◆ **What the task requires**: Each line from the one that contains "Pasquale Bruni White Gold Diamond Heart Ring" to the last line of the records below must be restated word for word.

Excerpts from a dataset
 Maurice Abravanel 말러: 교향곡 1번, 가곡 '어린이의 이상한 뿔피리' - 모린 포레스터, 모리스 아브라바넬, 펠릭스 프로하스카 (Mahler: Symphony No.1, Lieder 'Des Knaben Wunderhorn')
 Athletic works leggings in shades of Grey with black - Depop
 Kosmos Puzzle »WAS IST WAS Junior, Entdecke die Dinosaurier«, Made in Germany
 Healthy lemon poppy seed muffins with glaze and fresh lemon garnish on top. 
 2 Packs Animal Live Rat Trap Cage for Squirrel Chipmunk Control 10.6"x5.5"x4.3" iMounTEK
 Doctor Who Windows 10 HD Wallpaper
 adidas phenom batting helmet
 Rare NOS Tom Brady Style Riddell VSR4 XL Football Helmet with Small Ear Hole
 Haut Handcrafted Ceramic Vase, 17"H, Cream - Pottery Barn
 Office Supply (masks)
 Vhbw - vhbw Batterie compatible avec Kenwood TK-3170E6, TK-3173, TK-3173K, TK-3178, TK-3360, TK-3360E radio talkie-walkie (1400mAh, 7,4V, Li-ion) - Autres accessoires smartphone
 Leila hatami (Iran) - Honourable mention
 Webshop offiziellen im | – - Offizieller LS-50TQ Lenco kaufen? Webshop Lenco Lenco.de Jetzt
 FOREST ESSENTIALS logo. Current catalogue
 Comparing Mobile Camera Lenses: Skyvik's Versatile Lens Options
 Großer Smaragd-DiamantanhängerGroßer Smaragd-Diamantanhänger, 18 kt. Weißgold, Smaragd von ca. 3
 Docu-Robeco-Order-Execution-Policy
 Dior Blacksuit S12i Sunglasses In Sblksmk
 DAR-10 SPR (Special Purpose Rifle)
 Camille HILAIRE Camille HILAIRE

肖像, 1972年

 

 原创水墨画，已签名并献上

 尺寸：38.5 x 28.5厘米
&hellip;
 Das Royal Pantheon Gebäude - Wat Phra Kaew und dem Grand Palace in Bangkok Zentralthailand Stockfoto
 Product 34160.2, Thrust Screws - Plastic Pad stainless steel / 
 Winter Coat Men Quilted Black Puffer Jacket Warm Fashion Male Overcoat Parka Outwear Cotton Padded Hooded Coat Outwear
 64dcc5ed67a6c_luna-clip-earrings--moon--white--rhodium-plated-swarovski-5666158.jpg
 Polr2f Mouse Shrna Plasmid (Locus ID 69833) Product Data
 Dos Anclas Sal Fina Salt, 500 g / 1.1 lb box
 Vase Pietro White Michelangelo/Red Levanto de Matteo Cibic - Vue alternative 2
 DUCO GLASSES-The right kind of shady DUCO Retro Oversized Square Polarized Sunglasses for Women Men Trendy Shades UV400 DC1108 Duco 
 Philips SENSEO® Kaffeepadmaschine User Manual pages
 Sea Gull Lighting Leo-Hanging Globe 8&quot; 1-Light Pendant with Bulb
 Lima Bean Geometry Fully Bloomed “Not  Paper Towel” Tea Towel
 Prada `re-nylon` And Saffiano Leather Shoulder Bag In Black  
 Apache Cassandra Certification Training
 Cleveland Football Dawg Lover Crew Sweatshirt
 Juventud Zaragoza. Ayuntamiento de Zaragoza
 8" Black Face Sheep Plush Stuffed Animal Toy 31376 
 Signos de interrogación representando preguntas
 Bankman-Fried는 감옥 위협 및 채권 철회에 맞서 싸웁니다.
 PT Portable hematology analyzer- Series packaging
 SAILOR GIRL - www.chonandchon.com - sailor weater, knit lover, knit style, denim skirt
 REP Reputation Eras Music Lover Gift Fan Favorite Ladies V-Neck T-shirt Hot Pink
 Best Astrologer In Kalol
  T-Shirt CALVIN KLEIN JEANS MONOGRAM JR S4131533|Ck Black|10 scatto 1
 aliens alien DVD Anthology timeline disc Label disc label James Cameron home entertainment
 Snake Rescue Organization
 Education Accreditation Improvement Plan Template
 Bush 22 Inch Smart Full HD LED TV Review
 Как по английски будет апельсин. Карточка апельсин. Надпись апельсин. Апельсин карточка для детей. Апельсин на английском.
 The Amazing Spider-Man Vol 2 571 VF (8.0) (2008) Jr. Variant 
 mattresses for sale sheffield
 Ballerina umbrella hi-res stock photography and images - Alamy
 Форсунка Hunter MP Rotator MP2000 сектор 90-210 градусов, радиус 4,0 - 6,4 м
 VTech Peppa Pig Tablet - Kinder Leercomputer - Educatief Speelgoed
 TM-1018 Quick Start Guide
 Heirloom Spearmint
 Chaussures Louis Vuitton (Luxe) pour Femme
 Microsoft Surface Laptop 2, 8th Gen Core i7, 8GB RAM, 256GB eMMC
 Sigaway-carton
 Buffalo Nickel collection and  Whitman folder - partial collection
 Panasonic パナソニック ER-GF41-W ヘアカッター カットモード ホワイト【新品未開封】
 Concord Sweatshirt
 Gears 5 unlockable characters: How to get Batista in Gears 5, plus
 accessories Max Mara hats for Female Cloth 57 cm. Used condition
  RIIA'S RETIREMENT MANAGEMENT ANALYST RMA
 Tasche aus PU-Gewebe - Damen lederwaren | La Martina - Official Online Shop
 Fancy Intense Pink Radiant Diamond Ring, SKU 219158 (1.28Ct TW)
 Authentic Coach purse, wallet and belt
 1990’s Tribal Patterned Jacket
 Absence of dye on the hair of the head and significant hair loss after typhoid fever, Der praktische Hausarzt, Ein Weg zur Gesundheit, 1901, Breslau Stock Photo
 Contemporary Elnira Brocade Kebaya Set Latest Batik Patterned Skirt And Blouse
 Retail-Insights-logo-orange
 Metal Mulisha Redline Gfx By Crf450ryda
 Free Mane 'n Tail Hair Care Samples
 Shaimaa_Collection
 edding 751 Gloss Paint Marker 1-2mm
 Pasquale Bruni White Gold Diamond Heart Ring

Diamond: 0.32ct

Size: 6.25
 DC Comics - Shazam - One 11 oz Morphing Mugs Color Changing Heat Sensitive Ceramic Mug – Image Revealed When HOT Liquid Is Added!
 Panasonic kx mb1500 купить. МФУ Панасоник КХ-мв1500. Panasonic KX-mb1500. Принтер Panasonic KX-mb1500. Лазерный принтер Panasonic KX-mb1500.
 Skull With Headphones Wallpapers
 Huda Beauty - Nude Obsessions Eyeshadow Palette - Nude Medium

◆ **Your response**:
 Pasquale Bruni White Gold Diamond Heart Ring

Diamond: 0.32ct

Size: 6.25
 DC Comics - Shazam - One 11 oz Morphing Mugs Color Changing Heat Sensitive Ceramic Mug – Image Revealed When HOT Liquid Is Added!
 Panasonic kx mb1500 купить. МФУ Панасоник КХ-мв1500. Panasonic KX-mb1500. Принтер Panasonic KX-mb1500. Лазерный принтер Panasonic KX-mb1500.
 Skull With Headphones Wallpapers
 Huda Beauty - Nude Obsessions Eyeshadow Palette - Nude Medium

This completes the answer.